§ RECORDS SUPPLIED
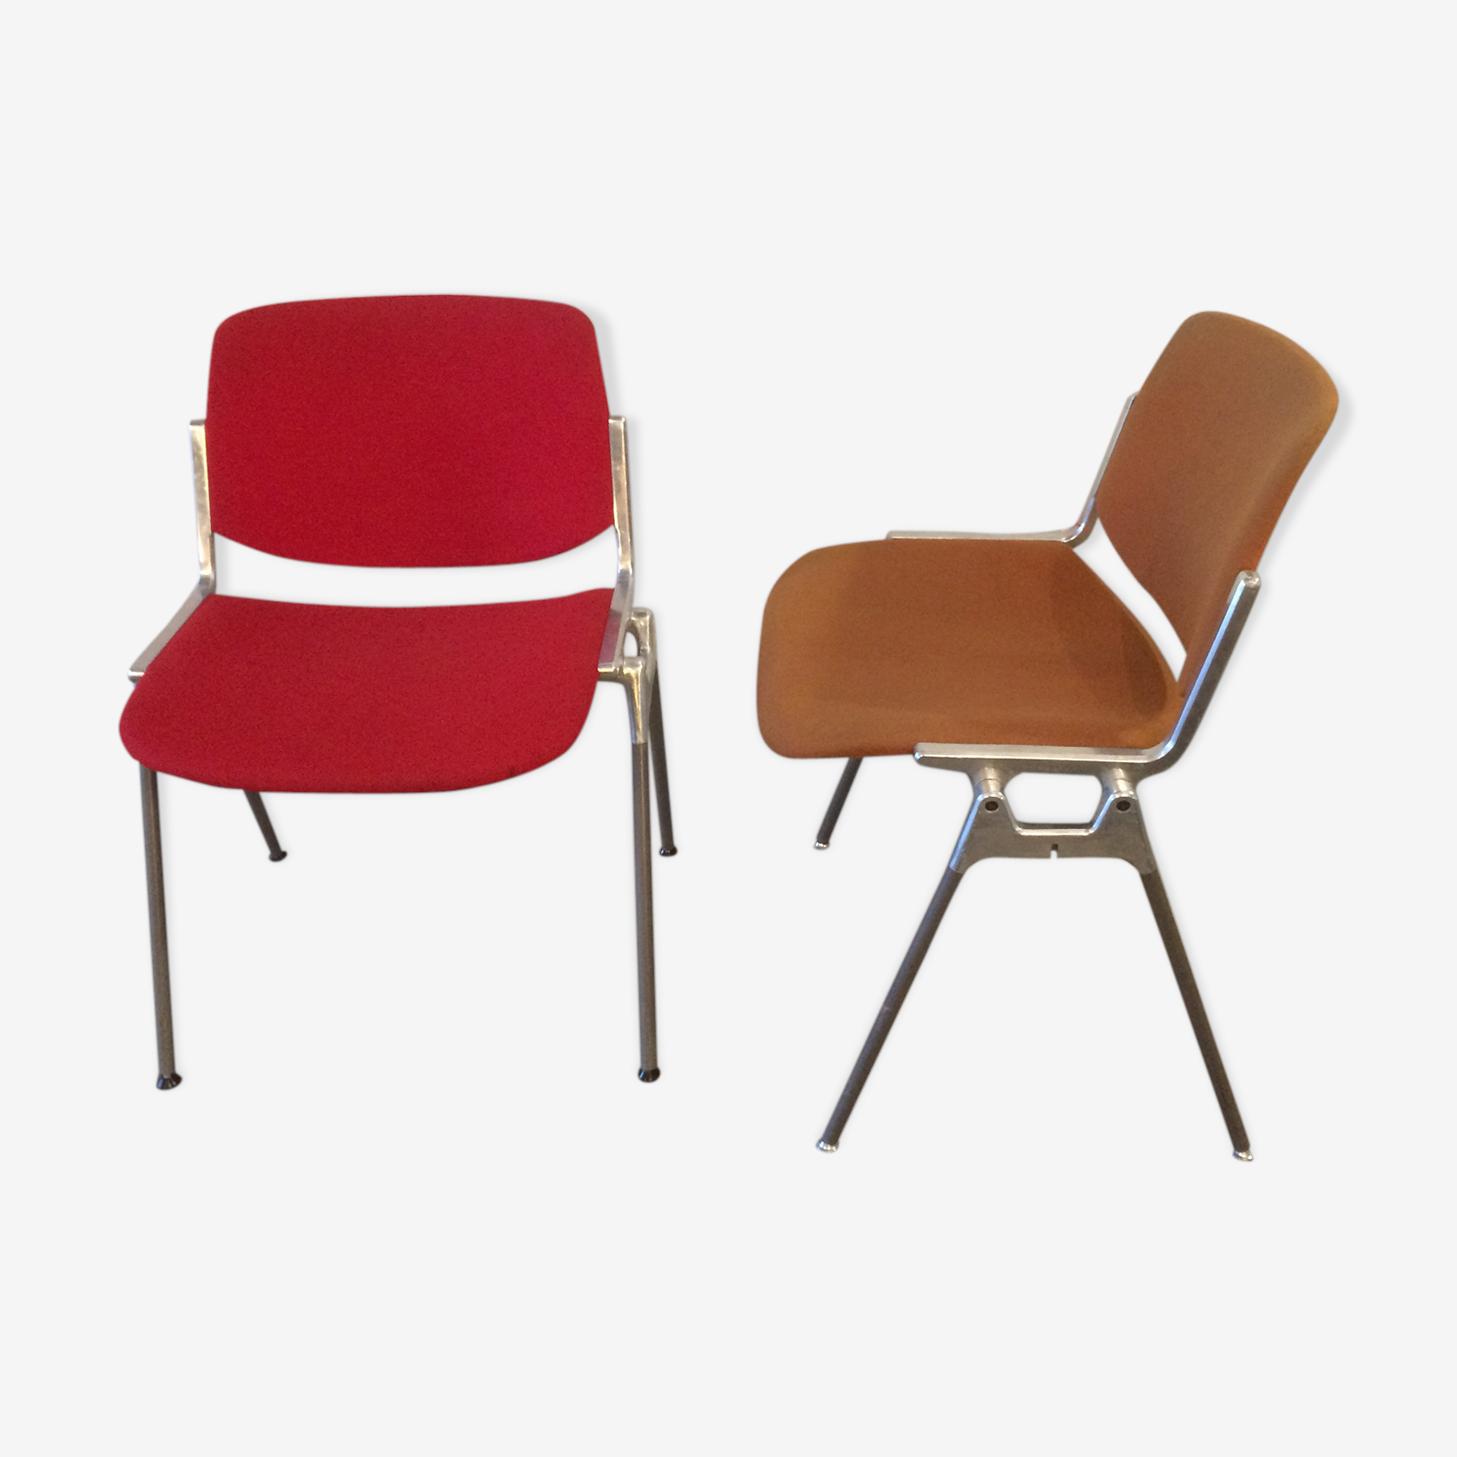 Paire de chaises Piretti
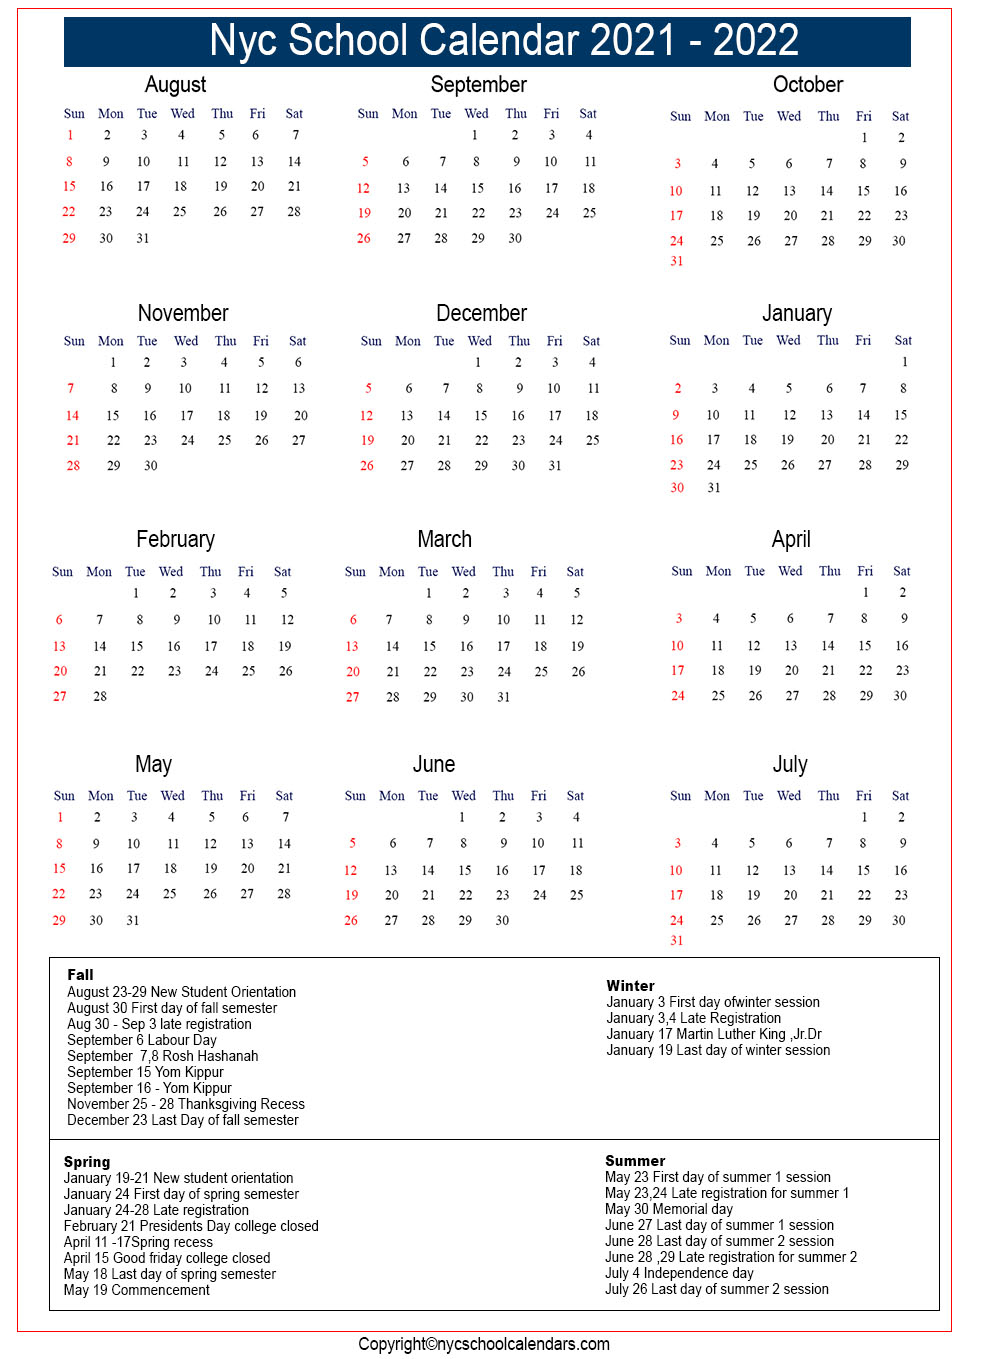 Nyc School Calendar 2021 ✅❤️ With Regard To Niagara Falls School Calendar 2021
...
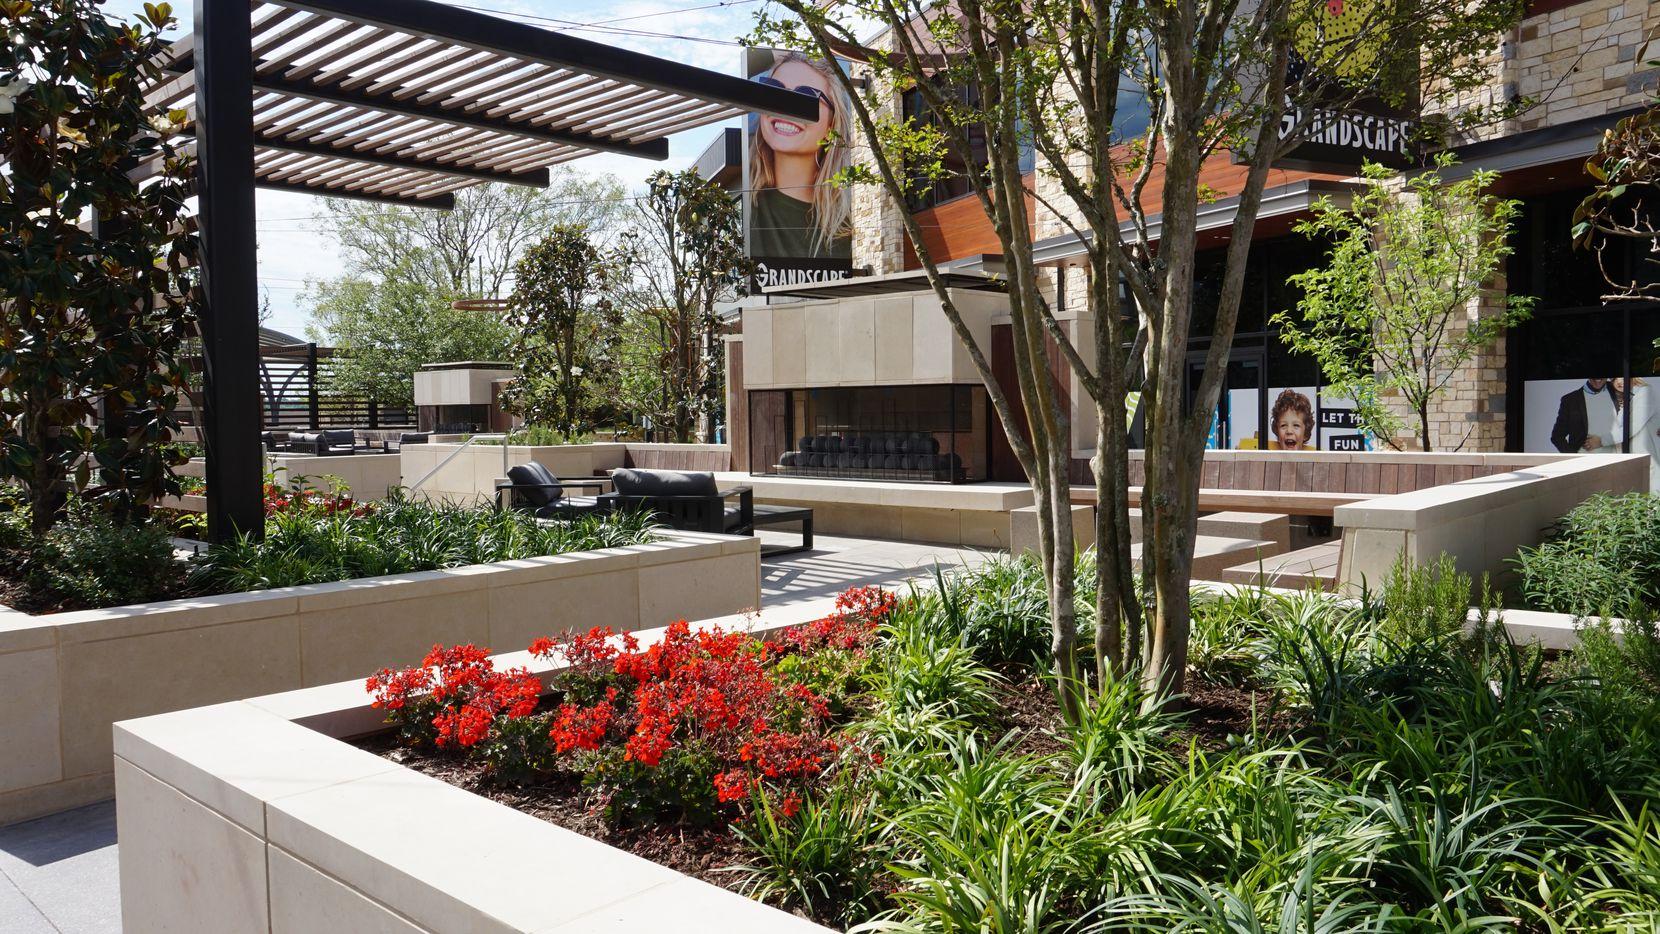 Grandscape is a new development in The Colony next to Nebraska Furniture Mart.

§ WORK TASK
Leave the pictures out, and transcribe exactly the lines above starting at the one that contains "Paire de chaises Piretti" and ending at the one that contains "Nyc School Calendar".

§ EXERCISE ANSWER
 Paire de chaises Piretti
 Nyc School Calendar 2021 ✅❤️ With Regard To Niagara Falls School Calendar 2021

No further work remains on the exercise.